Python for Bioinformatics: Normal distribution construction in Python

Tuesday, November 9, 2010

Normal distribution construction in Python

Here is an example with the normal distribution that will seem trivial after the t-distribution (here).

The basic form of the normal is exp {-x²/2}. We define that as a Python function f(x), vectorize it, and construct an array X of discrete points from -10 to +10 with interval dx = 0.001. We apply the vectorized function to the array to get the relative densities. So that we obtain the correct area under the curve, we multiply the height (value of f(x)) of each piece by its width, dx. When we sum up all the pieces, the total is equal to √2π as seen in the printout. We divide by this value to normalize the distribution so that its total area is equal to 1 and it becomes a pdf.

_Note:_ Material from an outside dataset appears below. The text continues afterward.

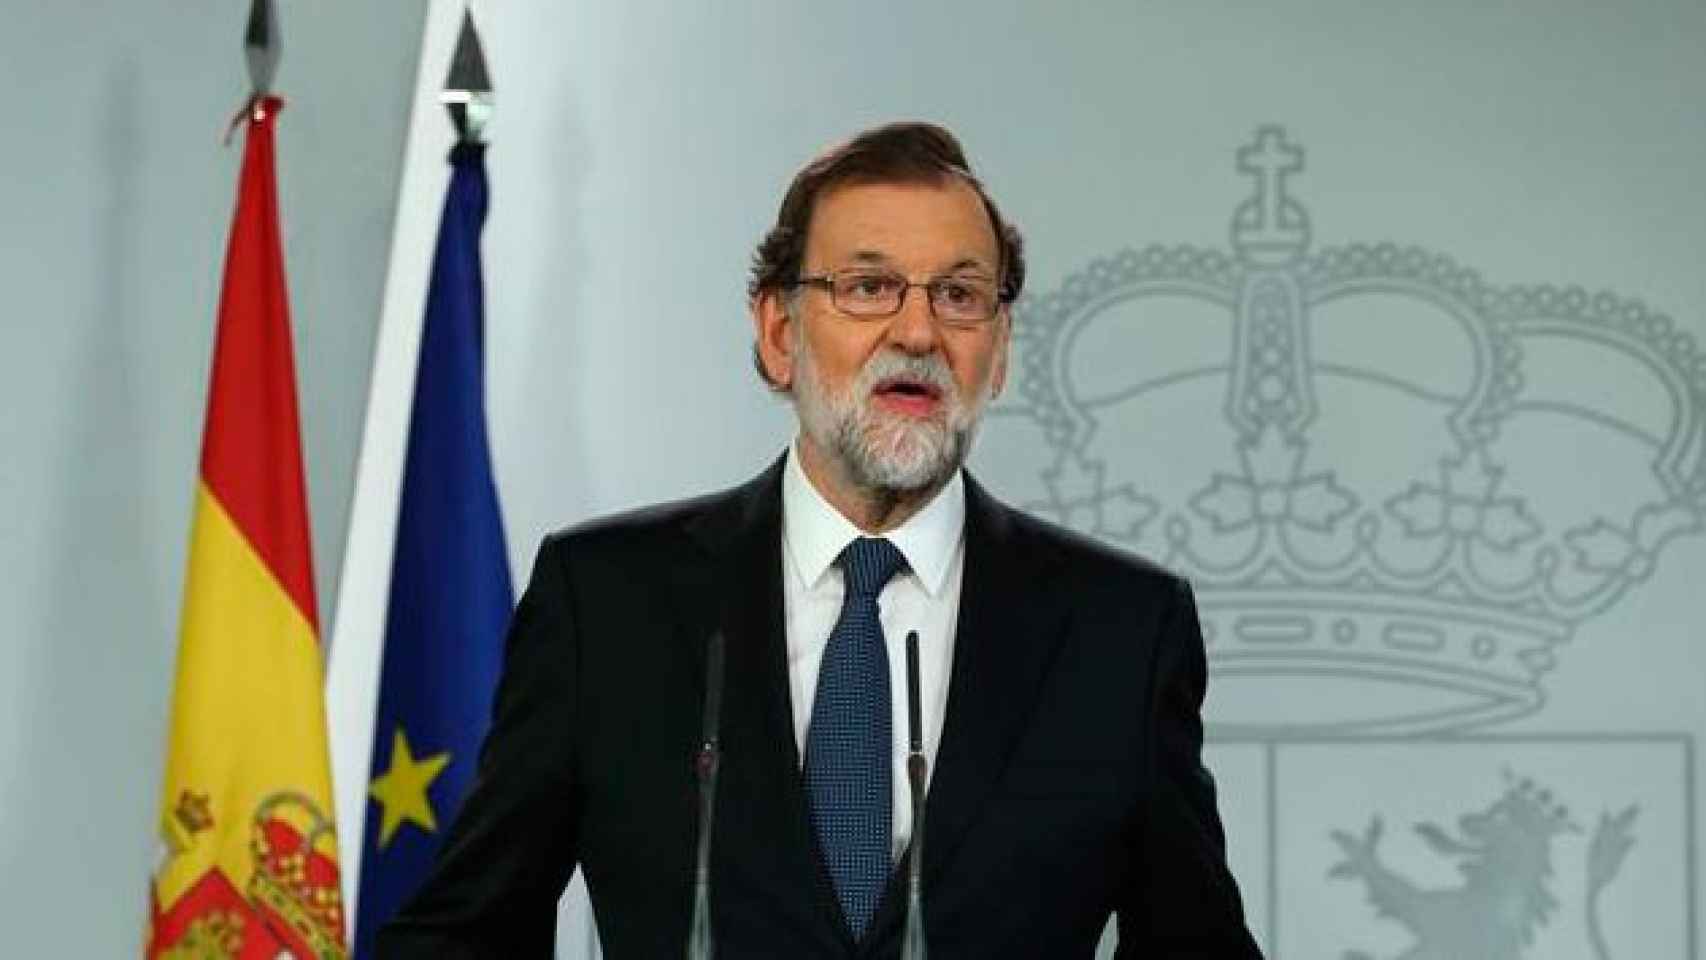 El presidente del Gobierno, Mariano Rajoy, durante la declaración institucional celebrada esta noche en La Moncloa tras el 1-O / EFE
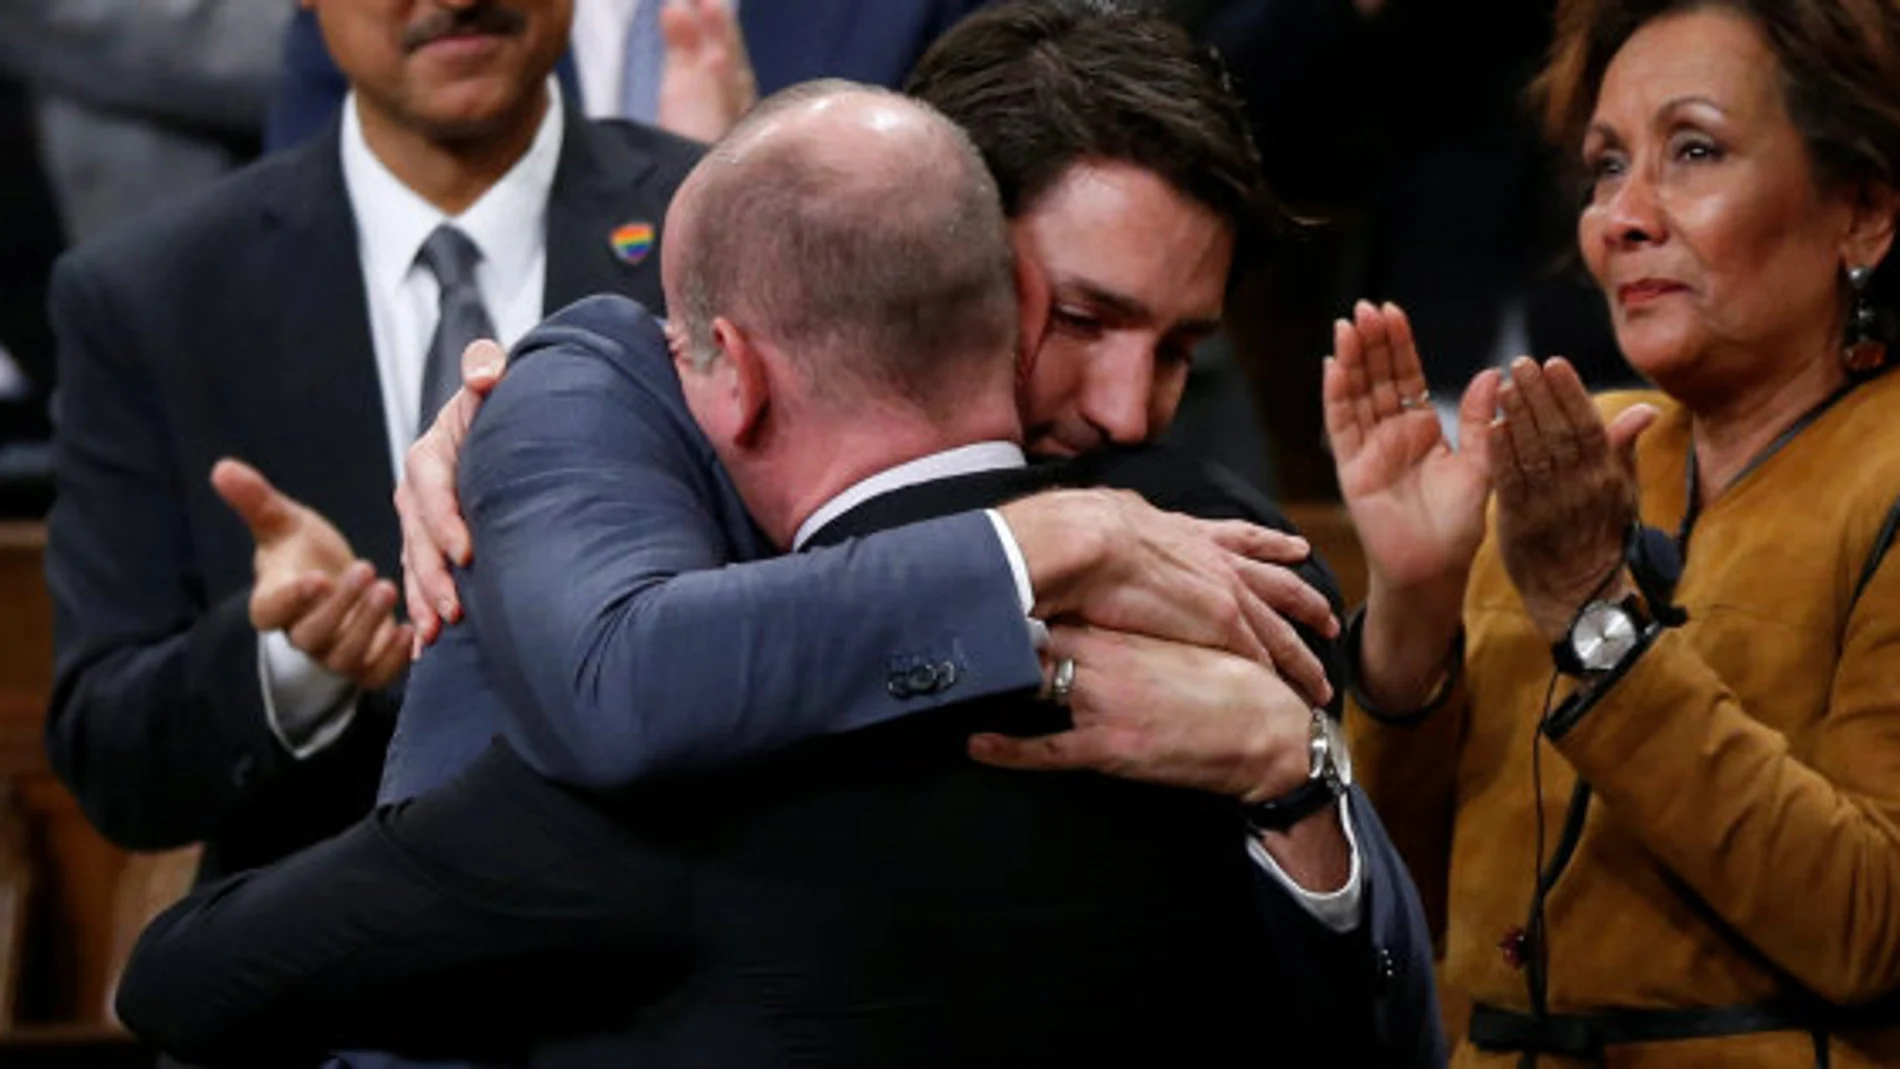 Trudeau emocionado mientras pide disculpas a la comunidad LGTB

The form of the normal that includes a term for the standard deviation is normal(x). Everything is as before, except we substitute z for x, and at the end we find that the normalizing constant is 1/σ√2π. We plot it to have something pretty to look at.

[UPDATE:
In my discussions of probability distributions of late I've played a little fast and loose with terminology. The pdf (probability density function) has a value for any x. At x = μ the exponential term is equal to 1, and the value is 1/σ√2π. For the standard normal, this is about 0.4.

>>> 1.0/sqrt(2*pi)
0.3989422804014327

Of course, this is somewhat misleading, since the probability that x = any particular point approaches zero, because x is a real number with infinitely many values. The way we actually use the pdf is to ask what is the probability for a particular window, a range of values for a < x < b, and at least conceptually, this is done by integrating the function between these limits. That's where the discrete version that I developed comes in handy. We evaluate p(x) for a small enough interval and then multiply by the interval size to get a probability for that slice. To integrate between limits, just add the included slices. But for this to work, we have to "normalize" the pdf so that the total of all the little rectangles of width dx is equal to 1. It also helps to have the discrete version in developing the cdf (cumulative distribution function), since we can just accumulate the pdf as we move along the values of X generating the cdf as we go.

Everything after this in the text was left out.